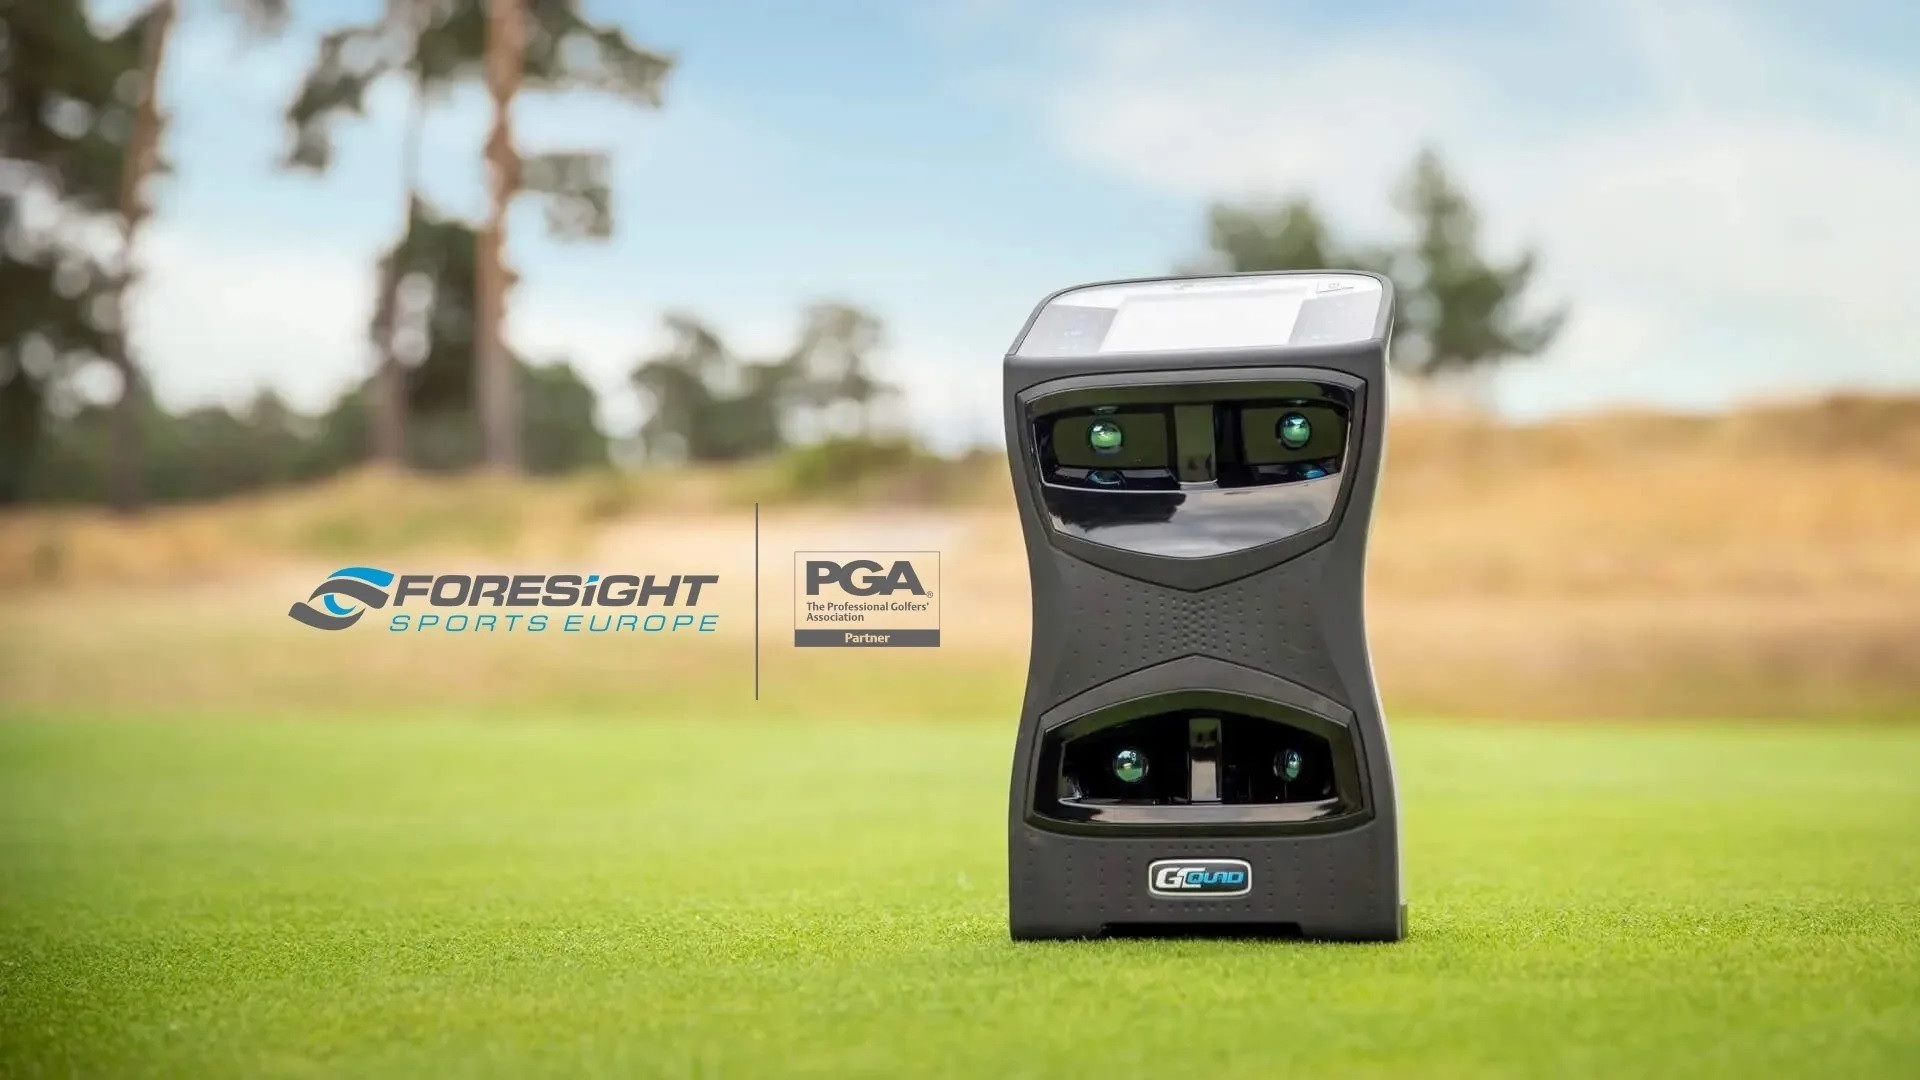 Foresight Sports Europe simulators to feature at British Golf Show after PGA partnership
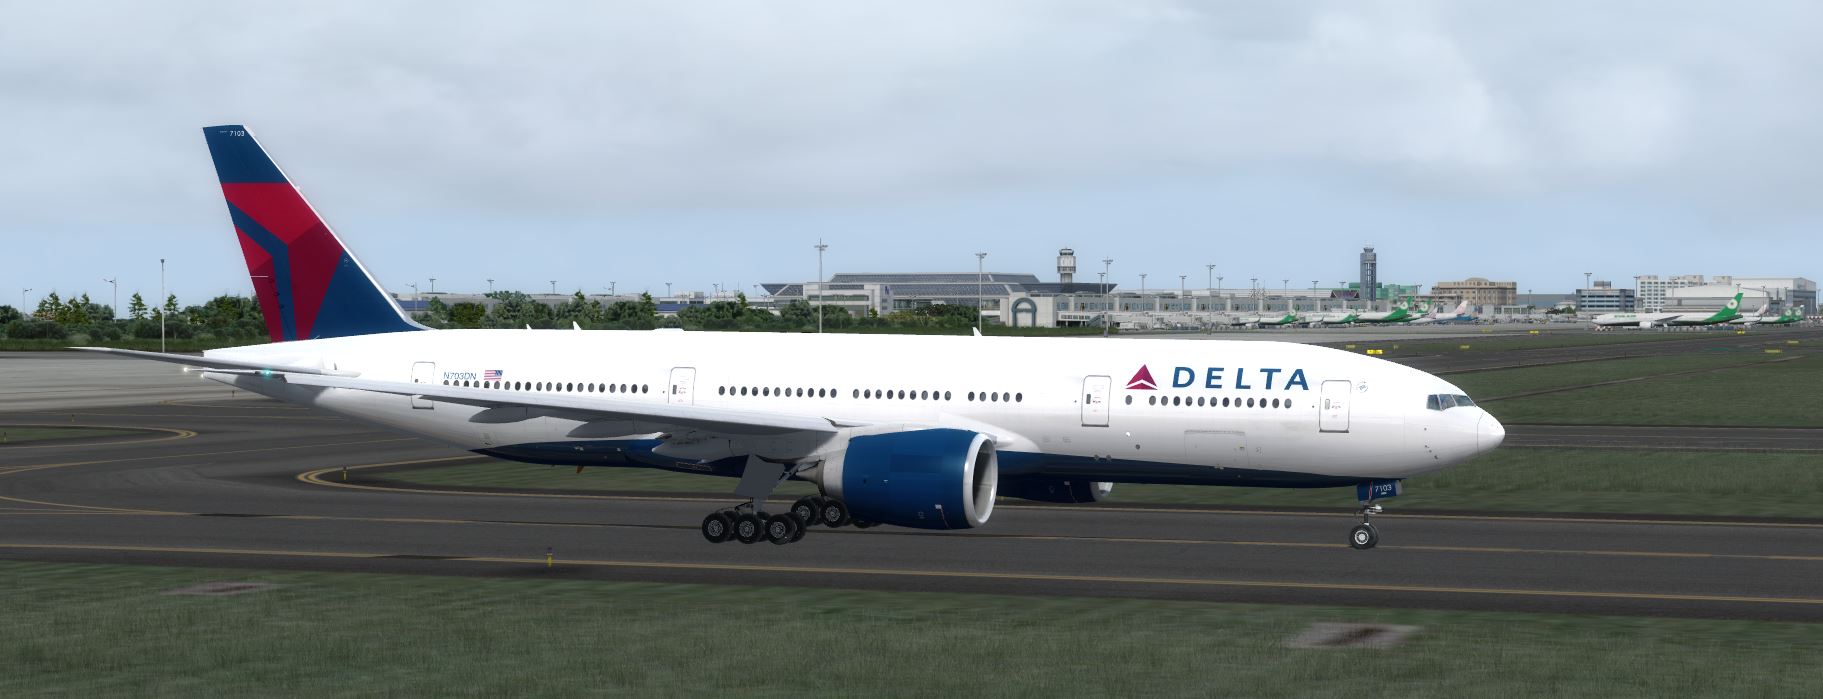 B777-200 Delta Airlines Standard Livery-5767 
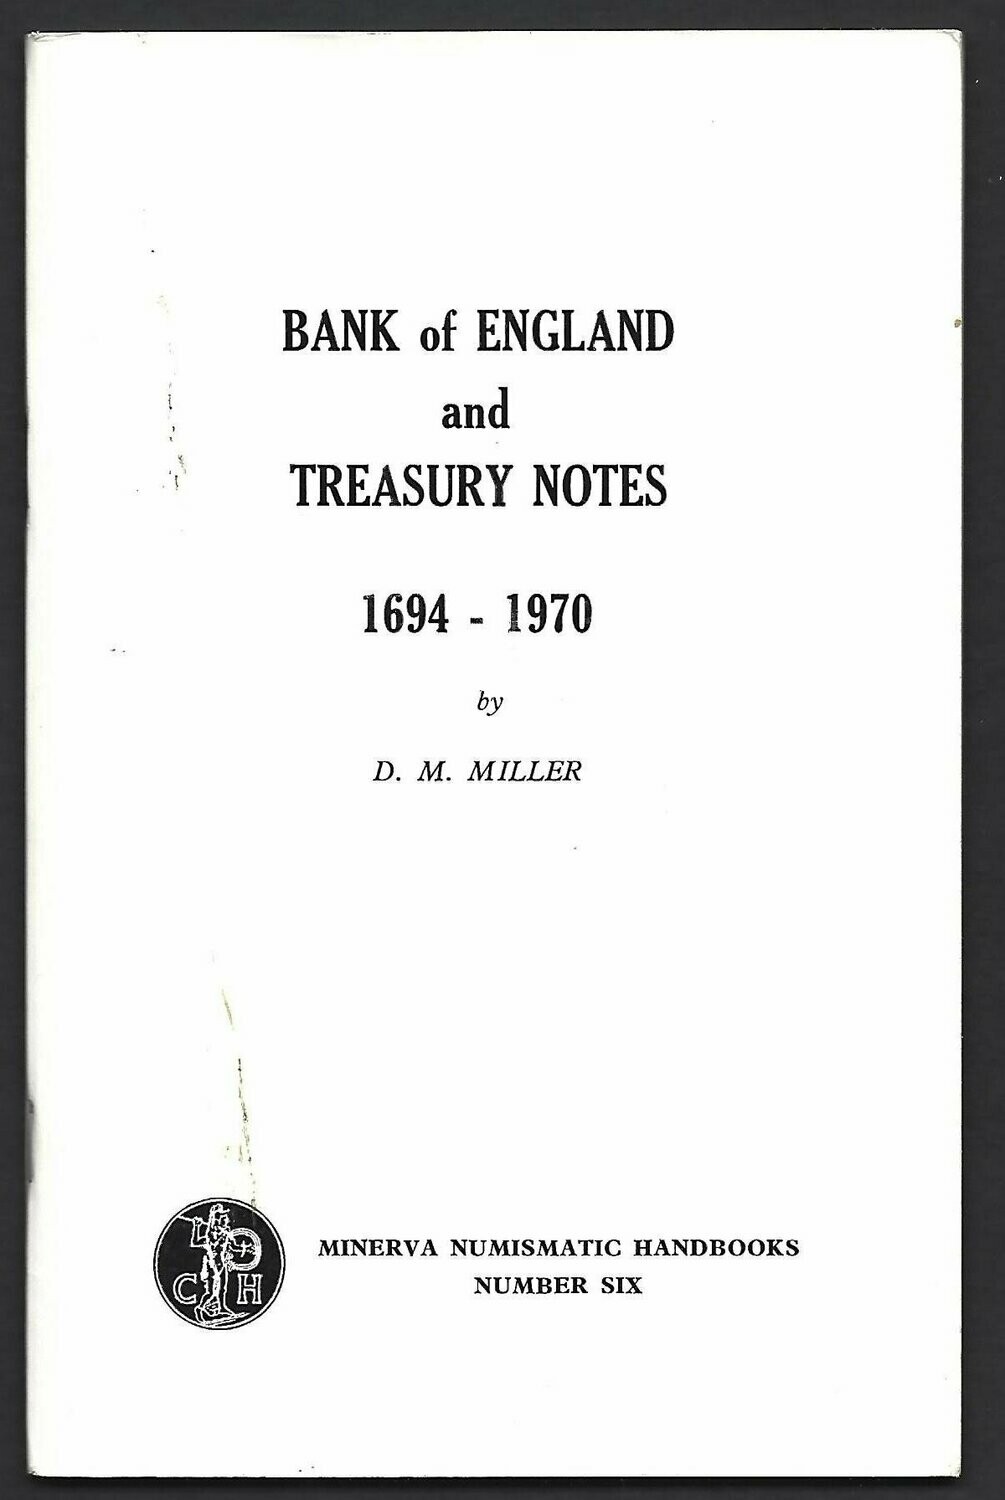 British; D.M. Miller, "Bank of England and Treasury Notes, 1694-1970."
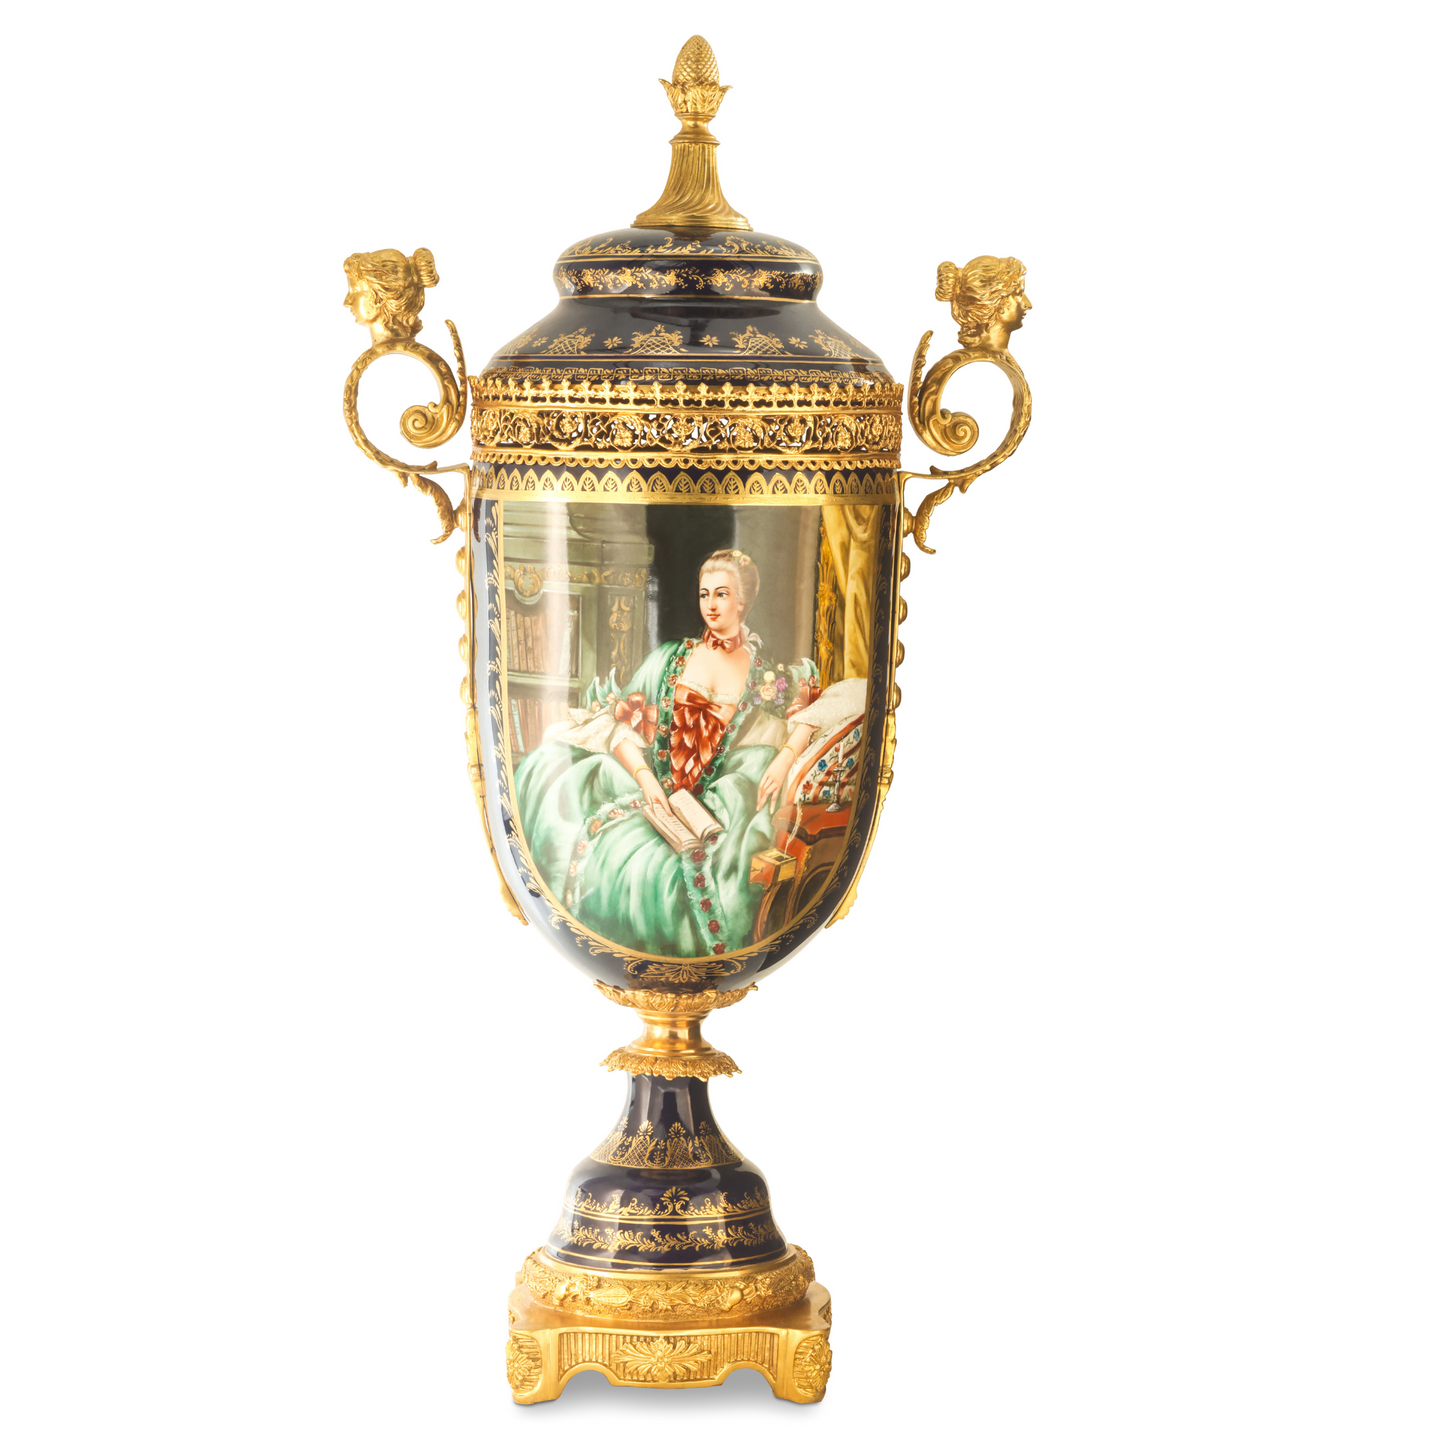 Potpourri Hand-painted Porcelain And Bronze Urn

PROBLEM: Print the data again word for word, pictures excluded.

OUTPUT OF THE EXERCISE:
 Foresight Sports Europe simulators to feature at British Golf Show after PGA partnership
 B777-200 Delta Airlines Standard Livery-5767 
 British; D.M. Miller, "Bank of England and Treasury Notes, 1694-1970."
 Potpourri Hand-painted Porcelain And Bronze Urn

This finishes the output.